If the only acceptable solution is 4 different rounding flavors of your existing primitives, then I'll take it, but the path to fewer bugs is just to implement intervals at the bottom. This could be extended to SIMD at some point, as well.

KloudKoder avatar Oct 14 '20 02:10 KloudKoder

Wasm is generally designed as a minimal abstraction over hardware, so the design pressure is to expose (standardized) versions of what is in hardware, and not build the next higher-level concept unless it is impossible not to. In this case it would seem that rounding modes would be both closer to hardware and the more minimal addition. It's my understanding that the rounding mode control design in IEEE 754 is meant for this purpose, and has other purposes too, outside of interval arithmetic.

titzer avatar Oct 14 '20 07:10 titzer

If you do it that way, then at least the compilation process would be straightforward, along with extension to SIMD. This also means that interval implementation will need to be done by porting these rounding-aware arithmetic primitives primitives to higher-level languages, which is more of an uphill battle. But OK, what's the next step?

KloudKoder avatar Oct 14 '20 13:10 KloudKoder

If I understand correctly, you have the same problem with high-level languages for native compilation, so I don't think that's a Wasm-specific problem that Wasm needs to solve.

bvibber avatar Oct 14 '20 15:10 bvibber

@brion Well, as I said above, I'm happy enough with the idea of just implementing rounding-aware arithmetic primitives in WASM.

The general problem with ULP manipulation, whether you solve it with such primitives or full blown interval support, is that WASM is likely to become a method whereby distributed computing is facilitated for HLLs. So in effect, it is the hardware. You can't go directly from HLL to CPU/GPU machine code and have it run on anonymous targets all over the world. (Imagine trying to run a distributed computing network which mandates that you need nVidia XYZ GPU in order to even participate.) So you have to go to middleware first, of which the obvious (and perhaps only) choice is WASM. So if the HLL programmer wants a feature that is efficiently implementable in hardware, but WASM doesn't support it, then he's stuck having to do nonperformant emulation.

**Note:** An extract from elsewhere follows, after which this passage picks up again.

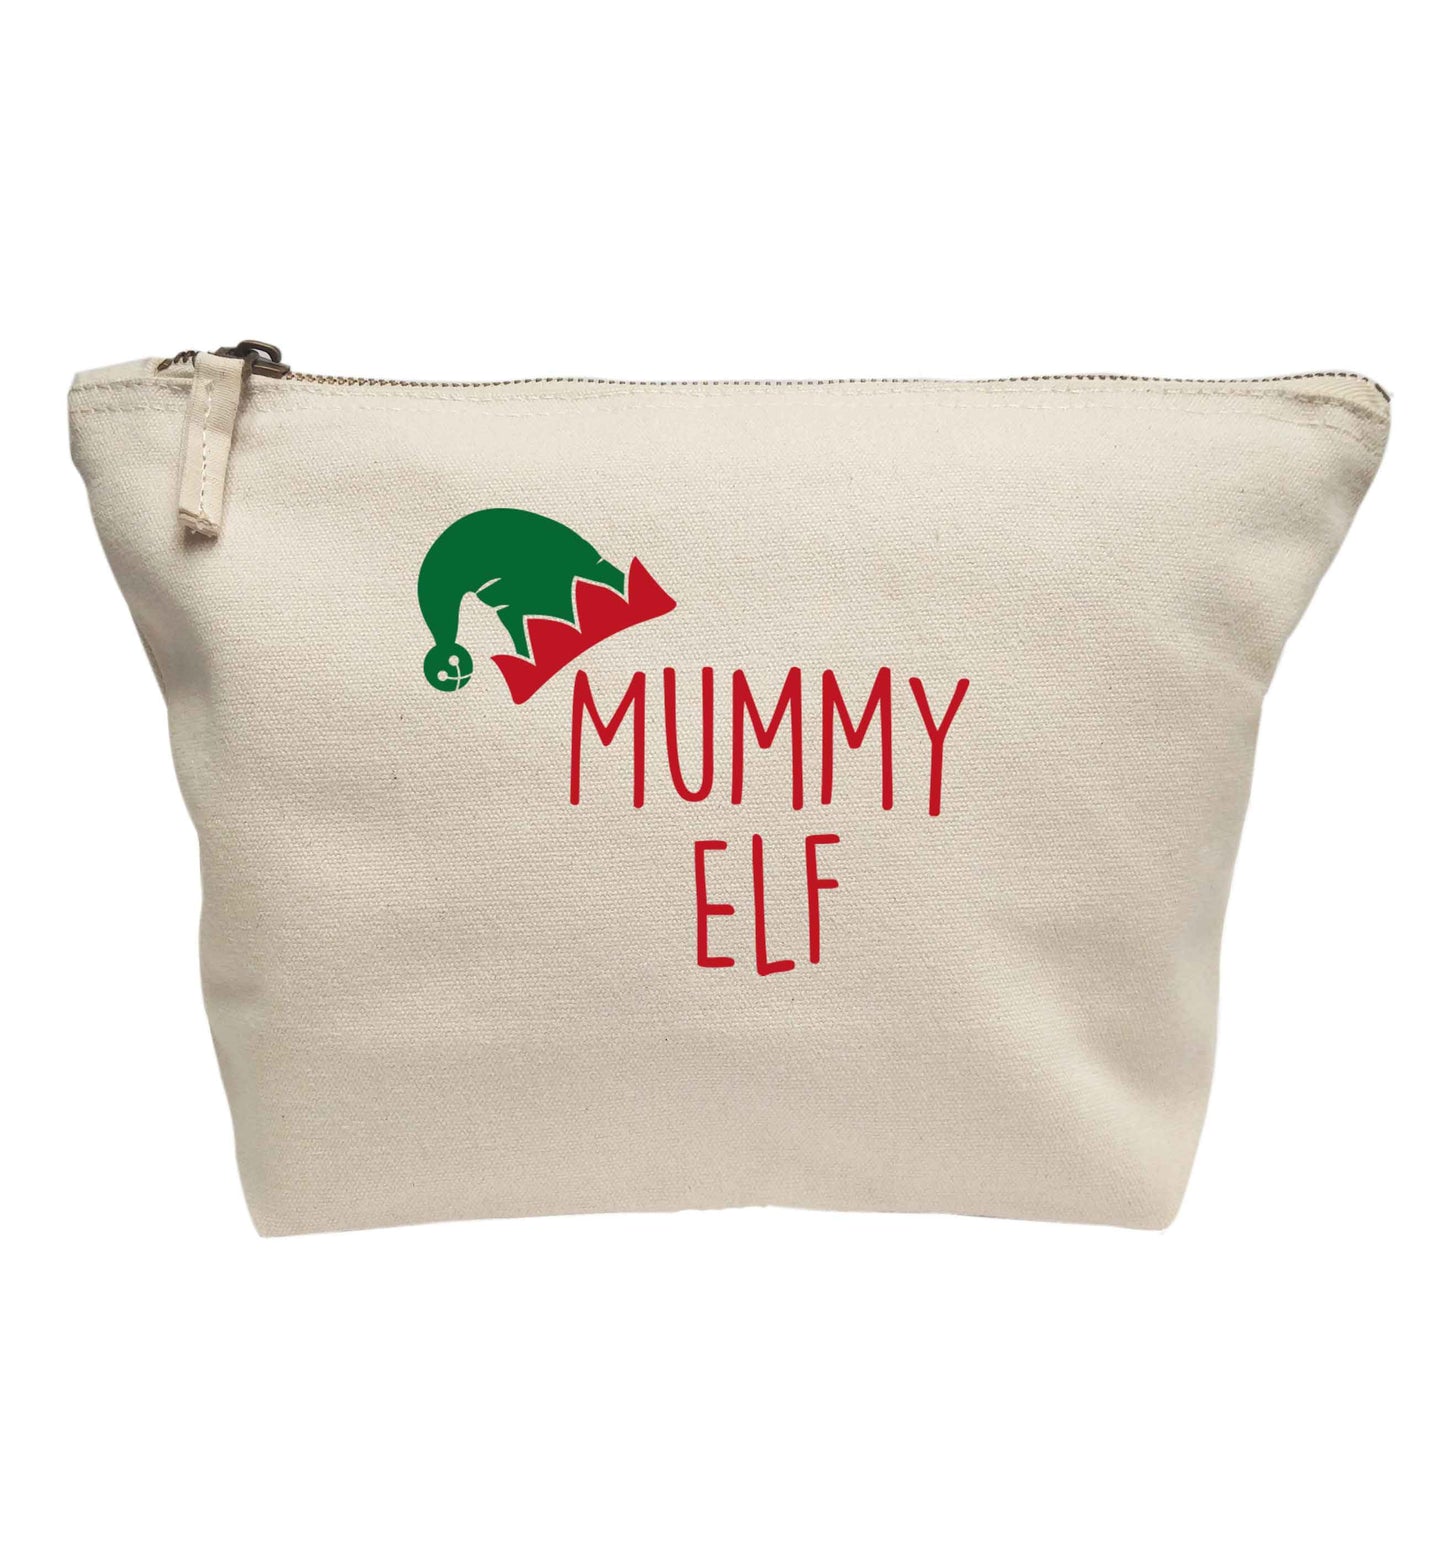 Mummy elf | Makeup / wash bag

KloudKoder avatar Oct 14 '20 17:10 KloudKoder

@KloudKoder , can f64.fma help with the performance of interval arithmetic libraries at least for f64?

Yaffle avatar Nov 13 '20 10:11 Yaffle

@Yaffle Can you explain your reasoning as to why multiply-add would help? For instance, how would this accelerate the process of adding 2 intervals, given that presumably it's still going to do nearest-or-even?

KloudKoder avatar Nov 16 '20 01:11 KloudKoder

it helps to find the error of the multiplication of two f64 numbers or division of f64 numbers: sum = a + b; error = -sum + absmax(a, b) + absmin(a, b); product = a * b; error = fma(a, b, - product); quotient = a / b; error = -fma(quotient, b, -a); if you know the error, you can round value by incrementing (for example, when error > 0 and rounding to positive infinity) or decrementing (for example, when error < 0 and rounding to negative infinity) the value by the smallest amount. This way, the resulting interval will be tightest. Although, If you don't need tightest interval, you could just increment/decrement both ends... Btw, there is a website with some benchmark - http://verifiedby.me/kv/rounding/index-e.html#:~:text=Benchmark Hm...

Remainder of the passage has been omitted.